Dalam rangka menyambut Peringatan Hari Kebangkitan Nasional 2026, Menteri Komunikasi dan Digital Republik Indonesia dalam pidatonya menegaskan bahwa kebangkitan bangsa saat ini harus diwujudkan melalui penguatan generasi muda di ruang digital. Beliau menyampaikan bahwa anak-anak Indonesia adalah aset terbesar bangsa yang harus dijaga dari pengaruh negatif teknologi, hoaks, intoleransi, dan penyalahgunaan media sosial.

Menteri Komunikasi dan Digital juga mengajak seluruh masyarakat untuk memanfaatkan perkembangan teknologi sebagai sarana pendidikan, kreativitas, inovasi, dan penguatan persatuan nasional. Menurut beliau, kebangkitan Indonesia di era modern bukan hanya soal mengenang sejarah perjuangan, tetapi tentang bagaimana seluruh rakyat bergerak bersama membangun bangsa yang mandiri, unggul, dan berdaulat secara digital.

Sebagai bagian dari generasi penerus bangsa, SMAN 2 Puding Besar turut memperingati Hari Kebangkitan Nasional ke-118 dengan menanamkan semangat nasionalisme, disiplin, serta karakter pelajar yang cerdas dan berintegritas. Melalui momentum ini, keluarga besar SMAN 2 Puding Besar mengajak seluruh peserta didik untuk terus belajar, berkarya, berinovasi, dan menjaga persatuan demi mewujudkan Indonesia yang maju dan berdaulat.

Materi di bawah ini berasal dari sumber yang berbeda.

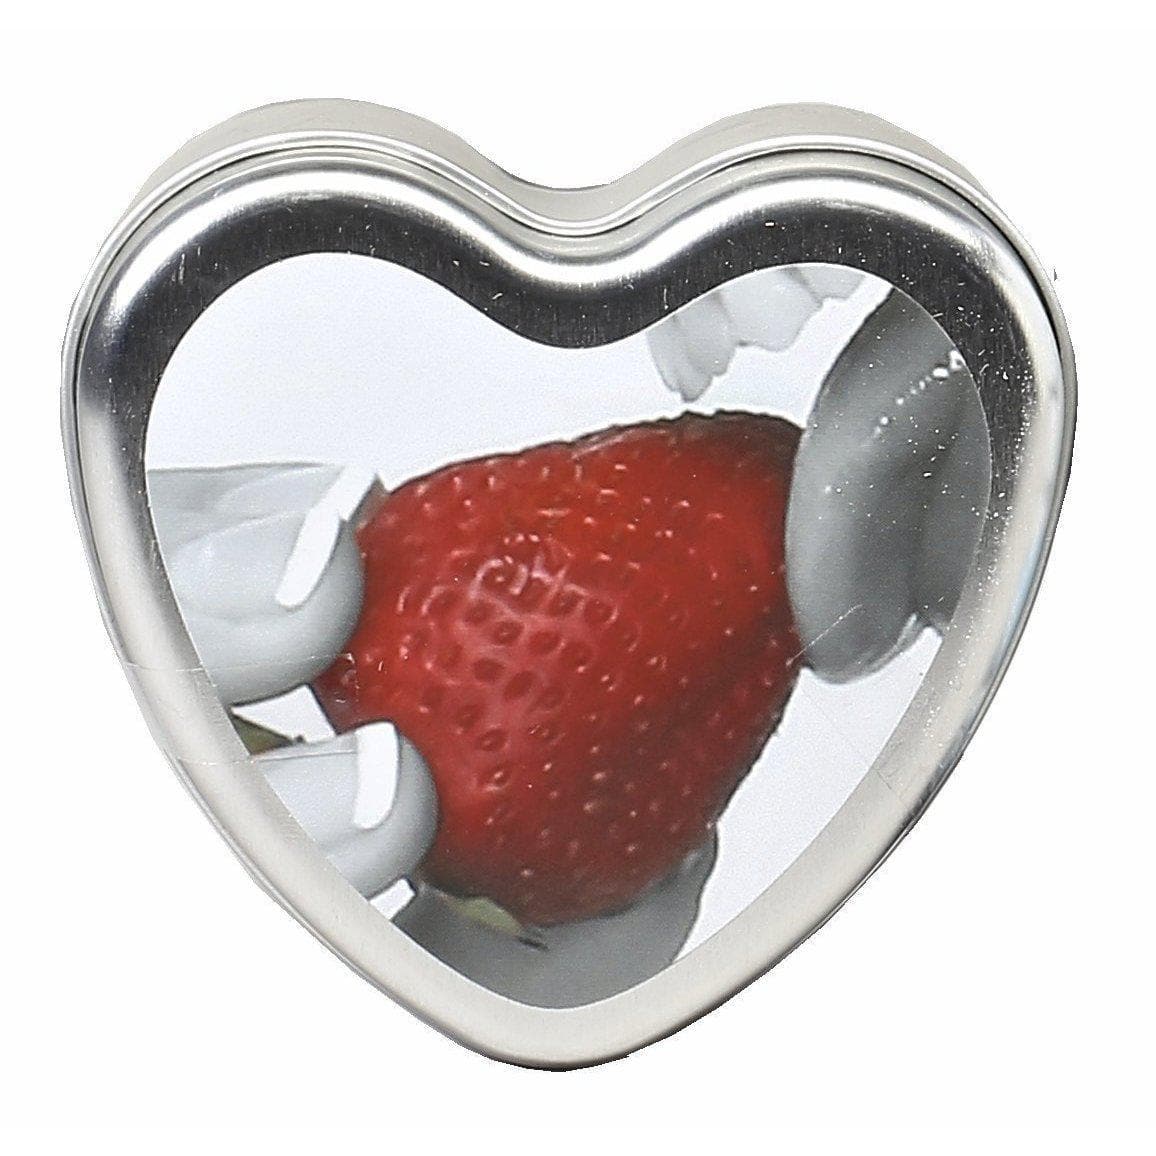 Earthly Body Heart-Shaped Hemp Seed Edible Massage Candle Strawberry 4 Oz - Romantic Blessings

Dengan mengusung motto sekolah “Beriman, Cerdas, Sehat, Berprestasi, Berwawasan Budaya dan Peduli Lingkungan,” SMAN 2 Puding Besar berkomitmen membentuk generasi muda yang tidak hanya unggul dalam akademik, tetapi juga memiliki kepedulian sosial, cinta tanah air, dan kesiapan menghadapi tantangan masa depan.

Melalui semangat Hari Kebangkitan Nasional ke-118, diharapkan seluruh generasi muda Indonesia mampu menjadi pribadi yang tangguh, berakhlak mulia, cinta tanah air, serta siap membawa Indonesia menuju masa depan yang lebih maju. Semangat kebangkitan harus terus hidup dalam tindakan nyata, dimulai dari lingkungan sekolah, keluarga, hingga masyarakat.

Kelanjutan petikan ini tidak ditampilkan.